*** Dataset section ***
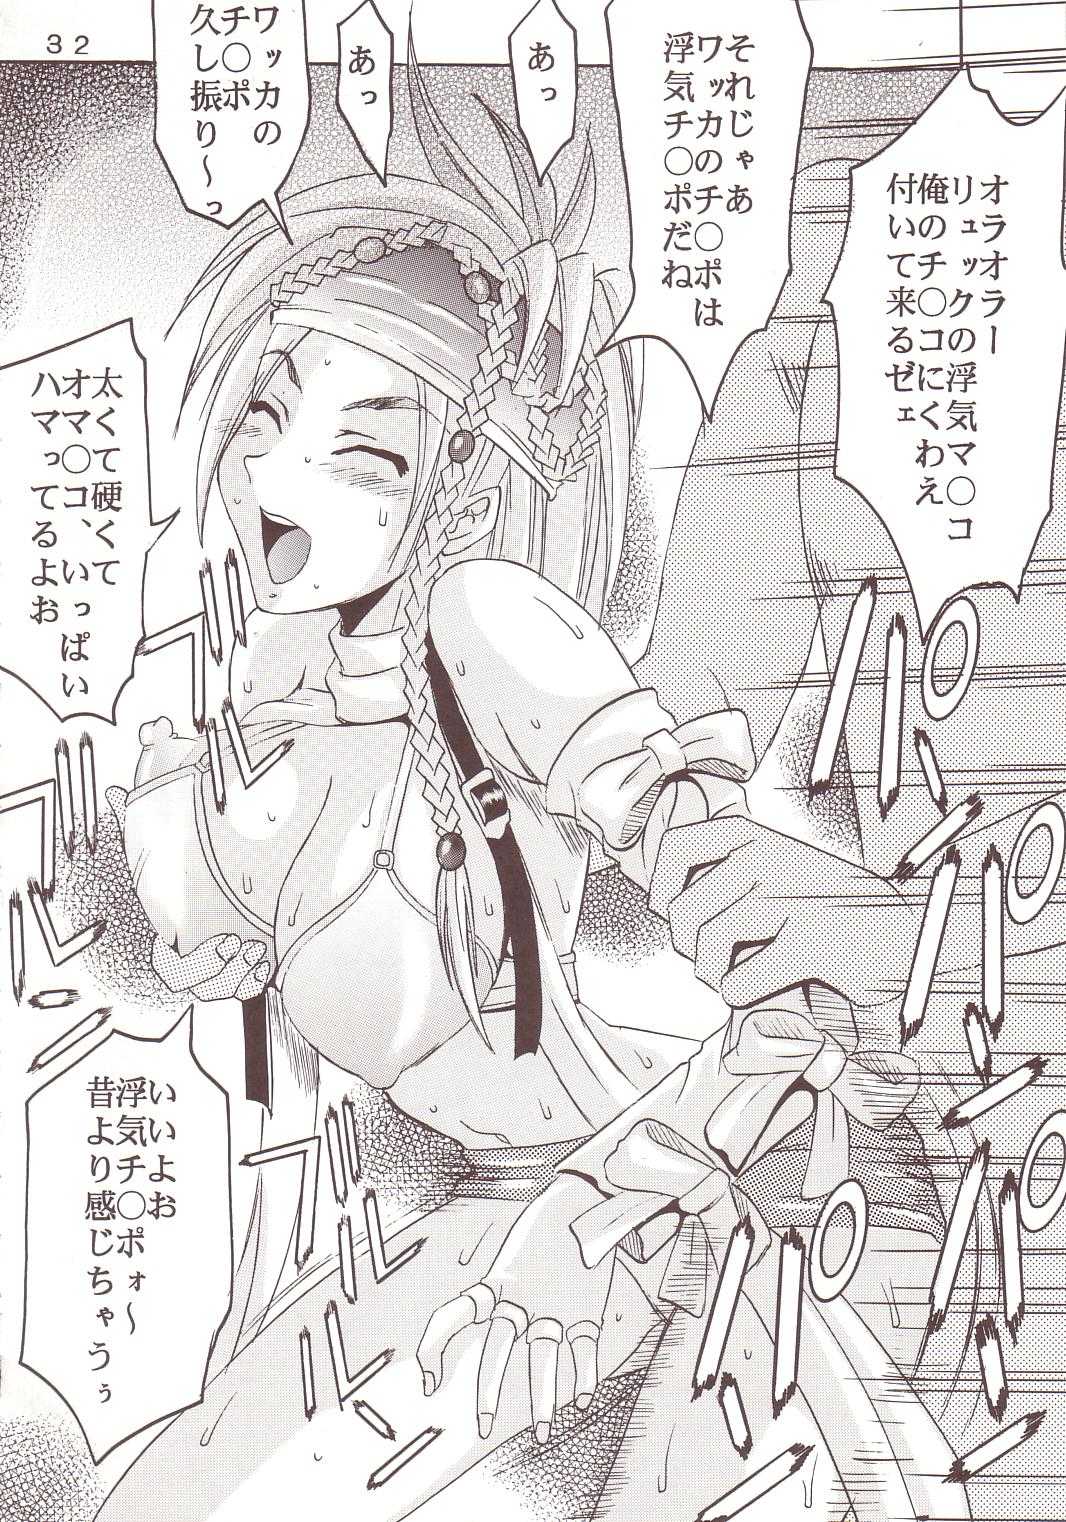 [St. Rio] Yuna A La Mode 08 (Final Fantasy 10-2) 
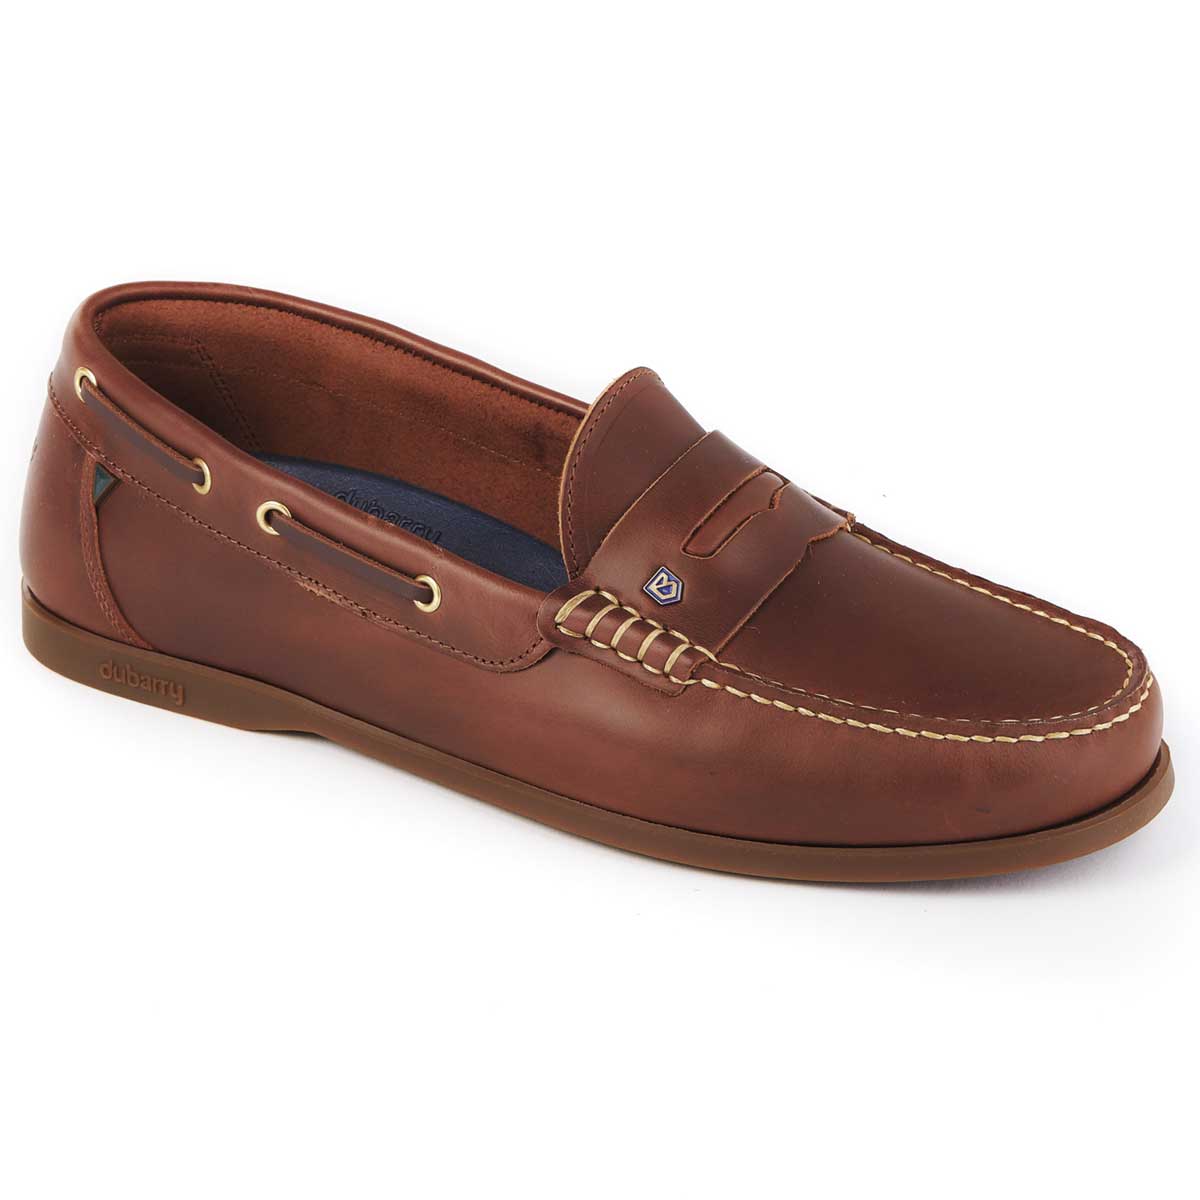 40% OFF DUBARRY Men's Spinnaker Loafer Deck Shoes - Brown - Size: UK 10.5 (EU 45)
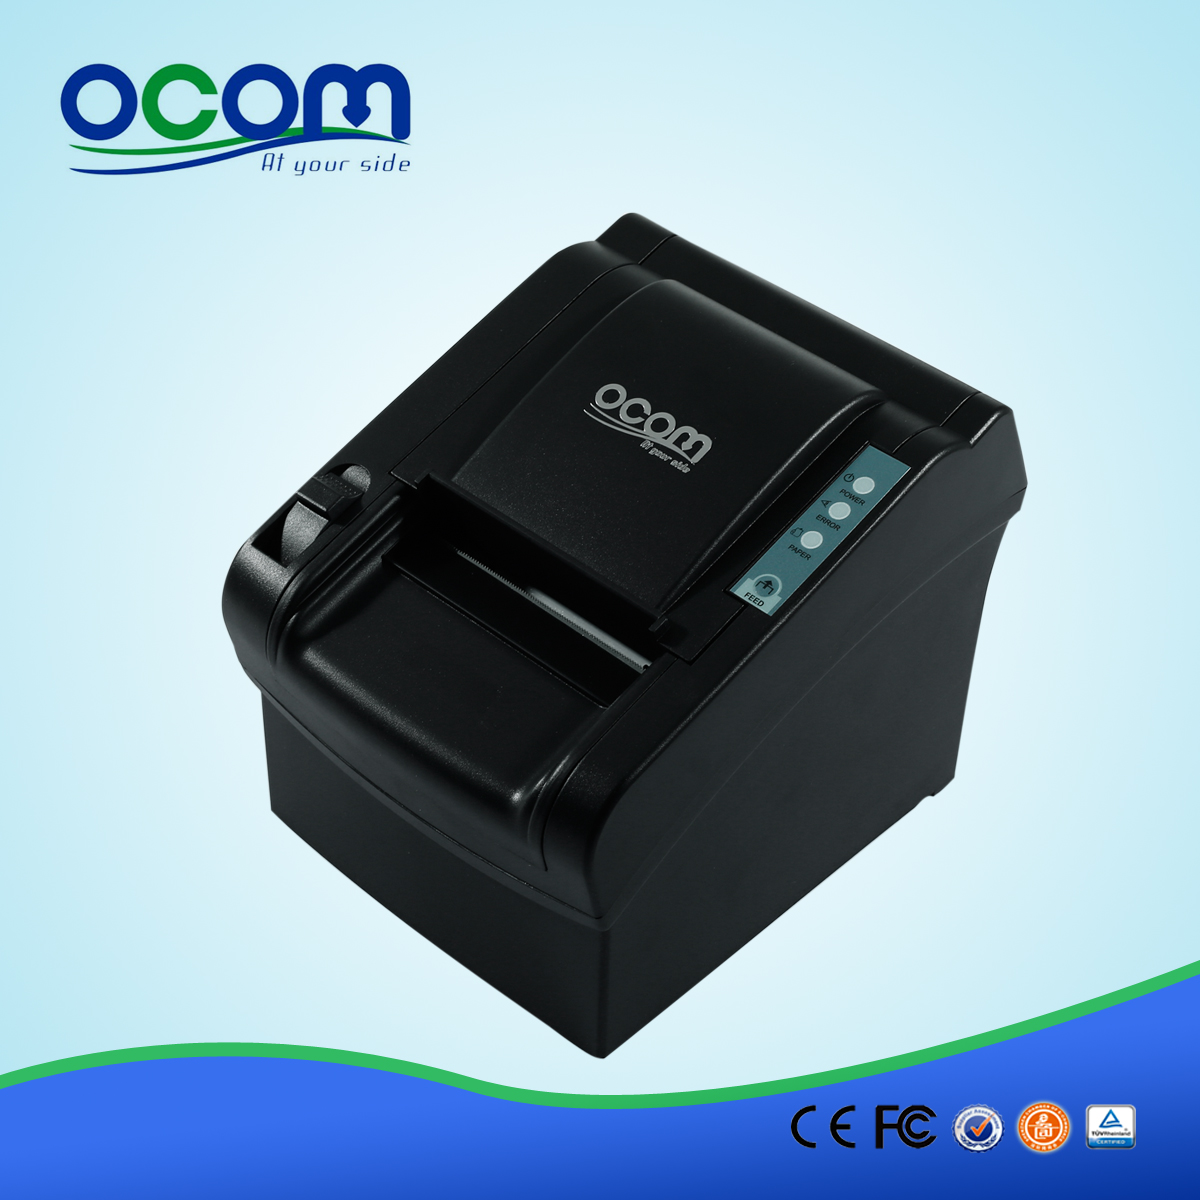 OCPP-802: на продажу пос чекового принтера, 80мм тепловой чековый принтер
*** End of Dataset section ***
**What is required:** Write the listing out in full, exactly; no images.

**Result:**
 [St. Rio] Yuna A La Mode 08 (Final Fantasy 10-2) 
 40% OFF DUBARRY Men's Spinnaker Loafer Deck Shoes - Brown - Size: UK 10.5 (EU 45)
 OCPP-802: на продажу пос чекового принтера, 80мм тепловой чековый принтер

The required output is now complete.